New acceleration architecture

Thu Jun 30 13:44:09 PDT 2005

On Iau, 2005-06-30 at 14:14, Gioele Barabucci wrote:
> I fear that
> 
>   prepare(var, value) { opt[var] = value; }
>   job(v) { return opt[VAR1] + opt[VAR2] + v; }
> 
> with current compilers and current processors (PPC, x86_64) will be much
> slower than
> 
>   job(opt1, opt2, v) { return opt1 + opt2 + v; }

(Just IMHO...)

On many processors it will generate longer uglier code because global
loads are long winded operations that are not the optimal path. Also the
cache top is hot in L1 and globals scattered around may not be or will
increase cache misses.
With register parameters its even more visible.

That said since the compiler can assume nobody else changes the variable
it shouldn't be much different.

It is bad programming practice and it is also IMHO poor design because
not only is it slower or at best same speed but it prevents a future
threaded exa using server.
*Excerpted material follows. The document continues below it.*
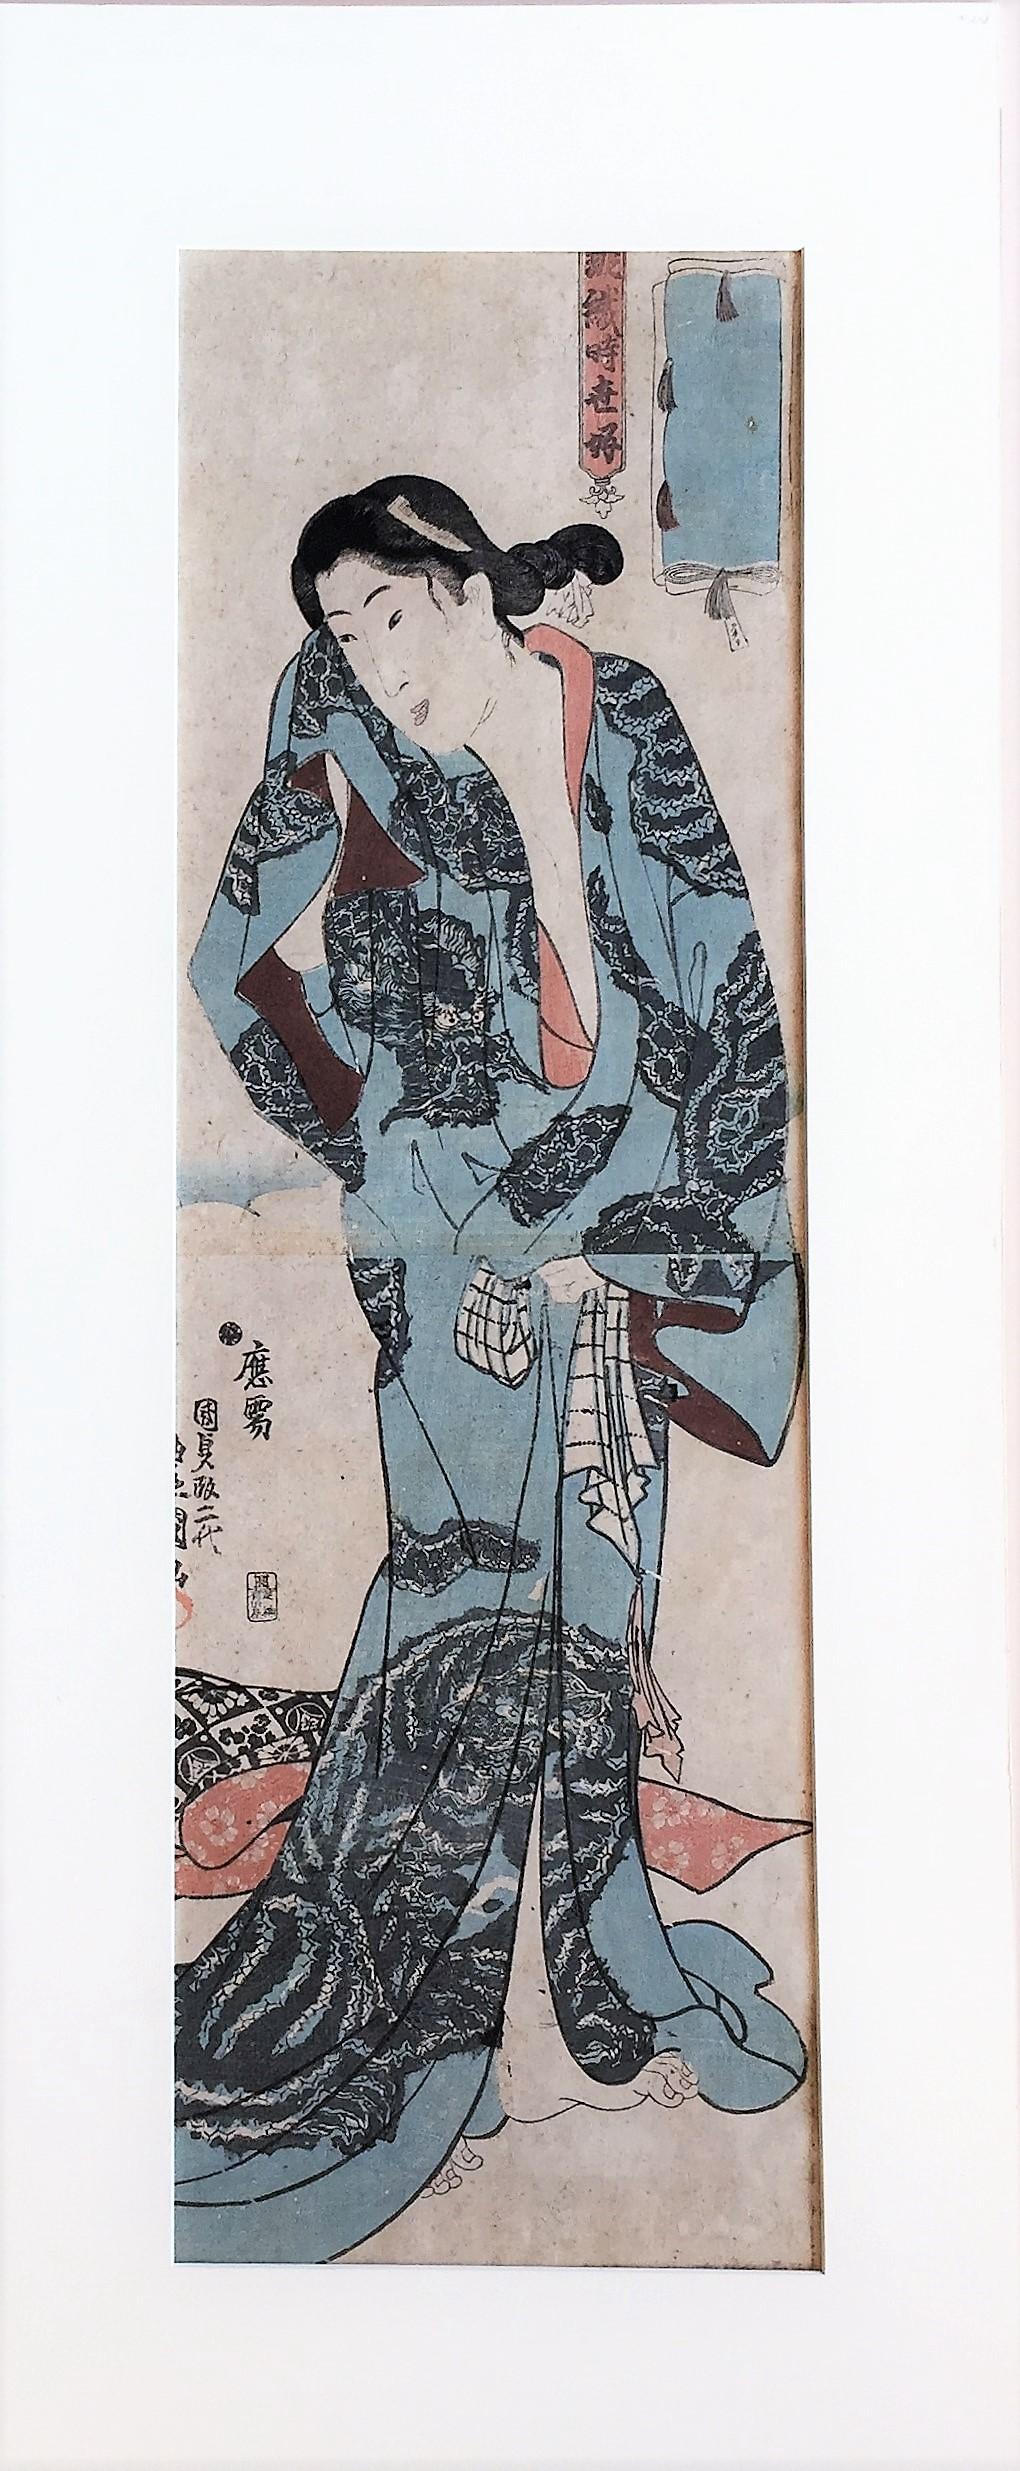 [After the Bath] - Edo Print by Utagawa Kunisada (Toyokuni III)

Now given that many exa operations are doing
cpu work in host memory on the host CPU and there is a tile cache it
seems rather dumb to assume a non-threaded server. Similarly for waits
on one GPU while another is free for multi-head. If I am dragging a
translucent window on a dual cpu box with four cores my window manager
is using 0.01 of a core and it would be nice to do the software
rendering work on 3.99 cores not 0.99

CPU direction is now "more threads" not "more ops/sec". It seems unwise
for X to make that change hard at server level when the cost is
essentially nil right now. I don't see a fully threaded server making
sense but threading rendering work (and even balancing between host and
GPU) does appear useful with a tile cache.

Alan